The council say that “the Library Service will be reducing its costs by £300,000 per year and will do so while looking at how best it uses staff.” and “We plan to maintain our building opening hours but may need to change the way we work, and we can do so by better understanding how your life has changed in the last year and what issues will be critical to your lives in the next few years. We welcome responses from all of our residents, visitors to Lewisham, services users and those who have never used a library before. We’d also like to hear from organisations that already work with the library service or would like to work with us in the future.”


But in this cosultationnstead of asking a straightforward question, “do you want library staff in your libraris?” which we feel most if not all residents would say yes to, the council asks:


6. How important are the following activities to you?”
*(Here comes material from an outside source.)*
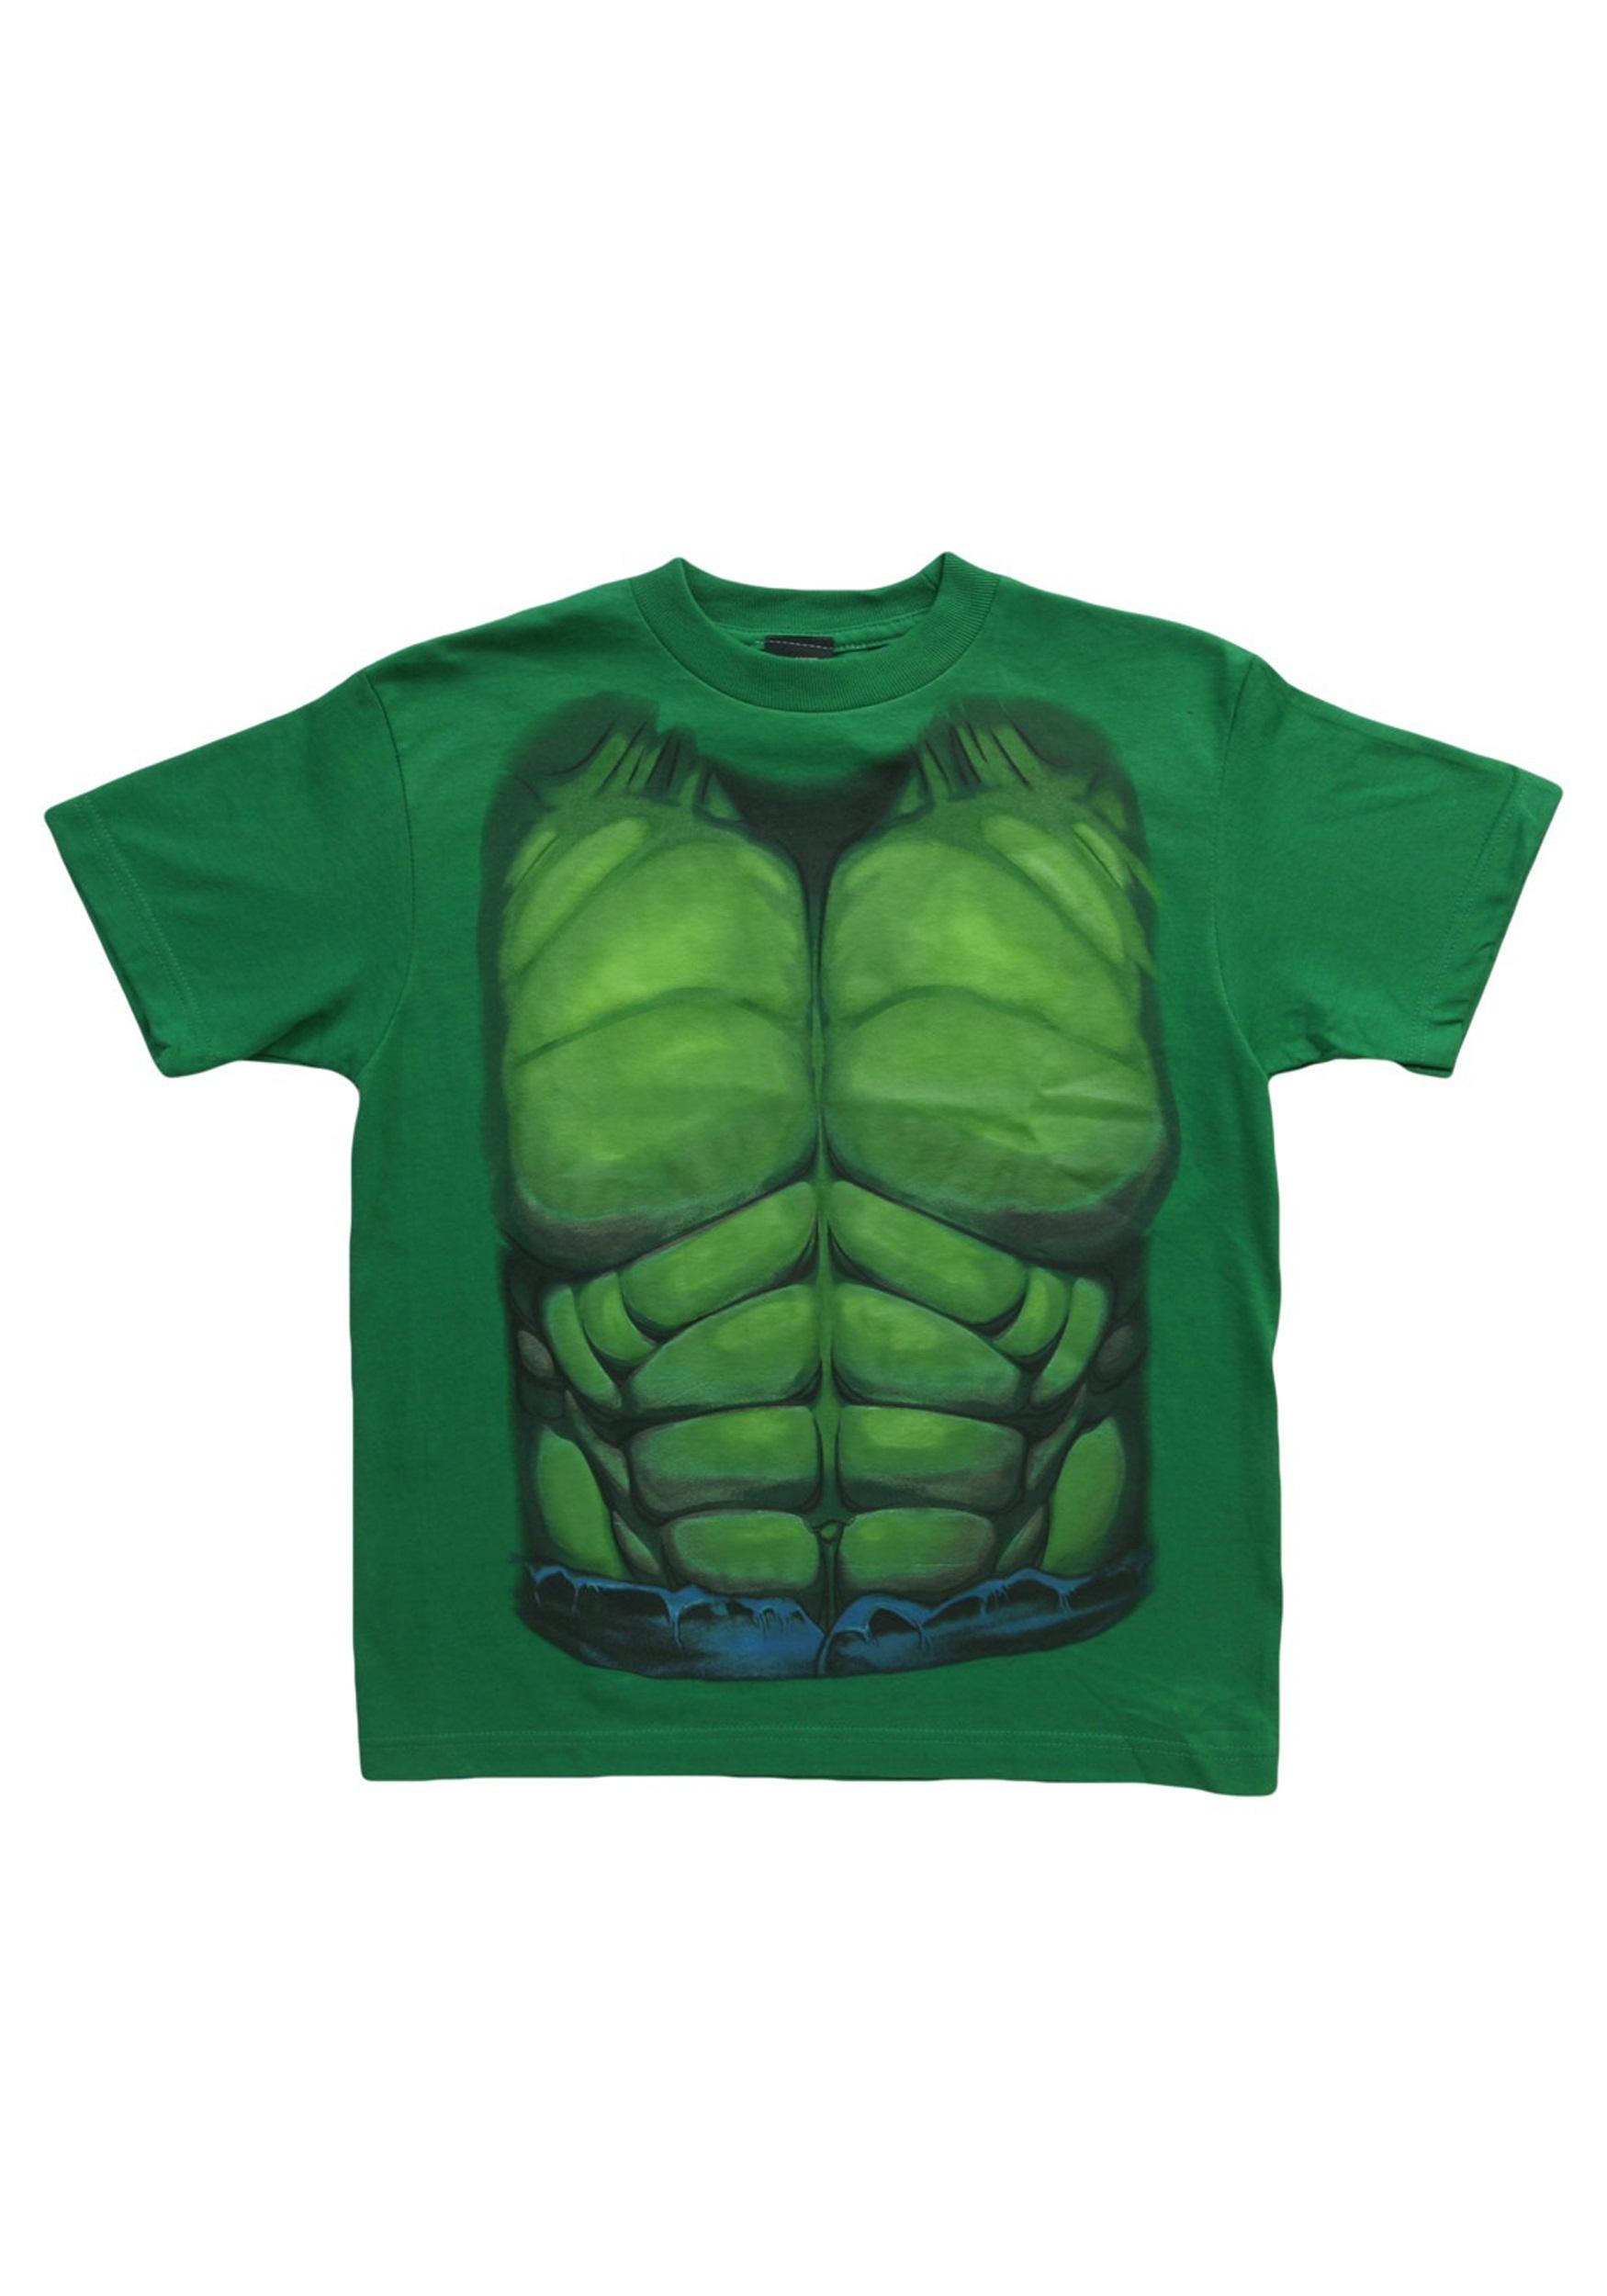 Hulk Smash T Shirt Kids

Browsing and borrowing books from the library on my own

Browsing and borrowing books from the library with help from staff


Browsing and borrowing online resources (e.g. eBooks) from the library on my own

Browsing and borrowing online (e.g. eBooks) from the library with help from staff


and


7. How important are the following?

Accessing computers in the library on my own

Accessing computers in the library with help from staffSo peoplw


Library staff in Lewisham (and everywhere) do far more than just assist with borrowing books and accessing computers – they give advice, discussion, social access, information, help with filling in job and benefit applications and other admin, assistance, supervision, activities, and many other things. We are very concerned at the reduction of what the library staff do to “accessing computers” and helping browse and borrow. Many people may complete these questions not realising what it seems it is actually asking is ‘do you want library workers in the library or not.’


And those library users who do need assistance or help in the library may not even be able to access this online form to fill it in and most people who use the internet in the library don’t have the internet at home so how are they going to be consulted?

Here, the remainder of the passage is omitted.